The vowel before -ba is lengthened.

Function and Role Inversion

The function determines whether the verb is an attributive form, a secondary predicate form, or a finite form. For a non-finite form, the role of its coreferential argument is also specified.

Final Verb Suffixes
Suffix Tag Name Aspect Enclitics Group
-0   Indicative yes Cpl, Tmp, Rel Finite
-i -Imp Imperative no Cpl
-ngo -Hyp Hypothetical no  
-s -Ptc Active Participle yes   Attributive
-l -PasPtc Passive Participle
-0 -Dep Active Depictive no   Secondary Predicate
-PasDep Passive Depictive
-r, -ar -Rsl Active Resultative
-çar -PasRsl Passive Resultative

The -i suffix forms a diphthong or long vowel with the preceding short vowel and the final syllable is stressed.
The 2nd form of the active resultative suffix appears after stems ending in i.

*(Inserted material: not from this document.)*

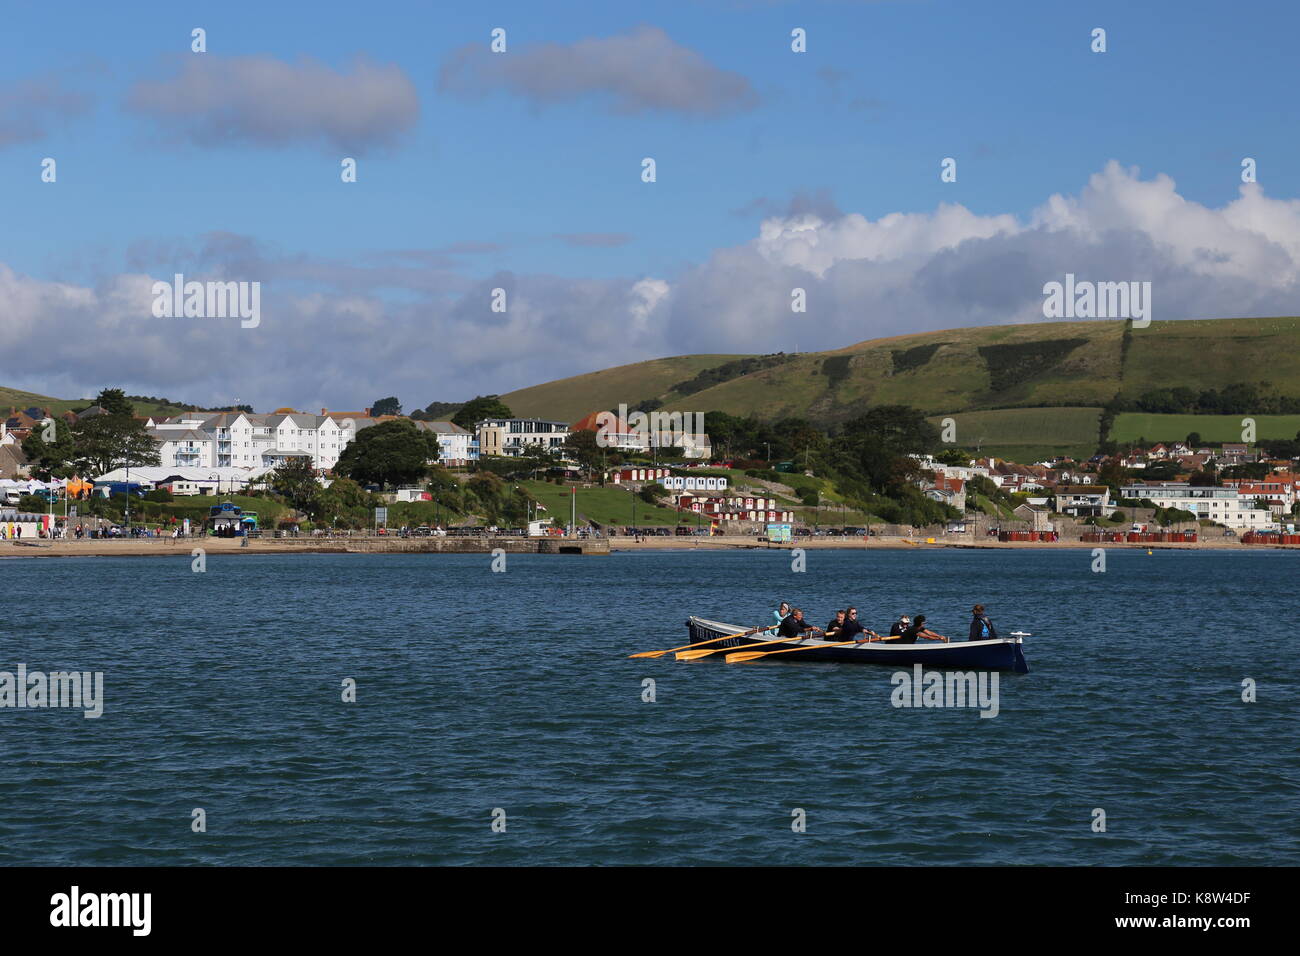 Swanage Sea Rowing Club 'Tilly Whim' pilot gig in Swanage Bay, Swanage, Isle of Purbeck, Dorset, England, Great Britain, United Kingdom, UK, Europe Stock Photo

For a finite verb, the type of clause is specified.

Enclitic Conjunctions
Enclitic Tag Name
-de -Cpl complement clause
-ji -Tmp temporal adjunct clause
-ha -Rel relative clause

Noun and Pronoun Inflections

Each noun or pronoun has an implicit gender: either animate or inanimate. Nouns are inflected for number (singular and plural) and case, except for mass nouns, which don't have number. Pronouns are also inflected for case. The cases are absolutive or unmarked (-Abs), oblique or marked (-Obl), vocative (-Voc), genitive (-Gen), and partitive (-Par). The partitive of count nouns has only plural forms.

Noun Declensions

For convenience, nouns are arranged in 4 mostly similar declensions. The following tables of sample declensions show how noun stems are modified for each number and case as well as giving the endings. The stem modifications include omission of the final vowel, omission of an internal vowel, and lengthening of an internal vowel. There are stem changes involving consonants as well.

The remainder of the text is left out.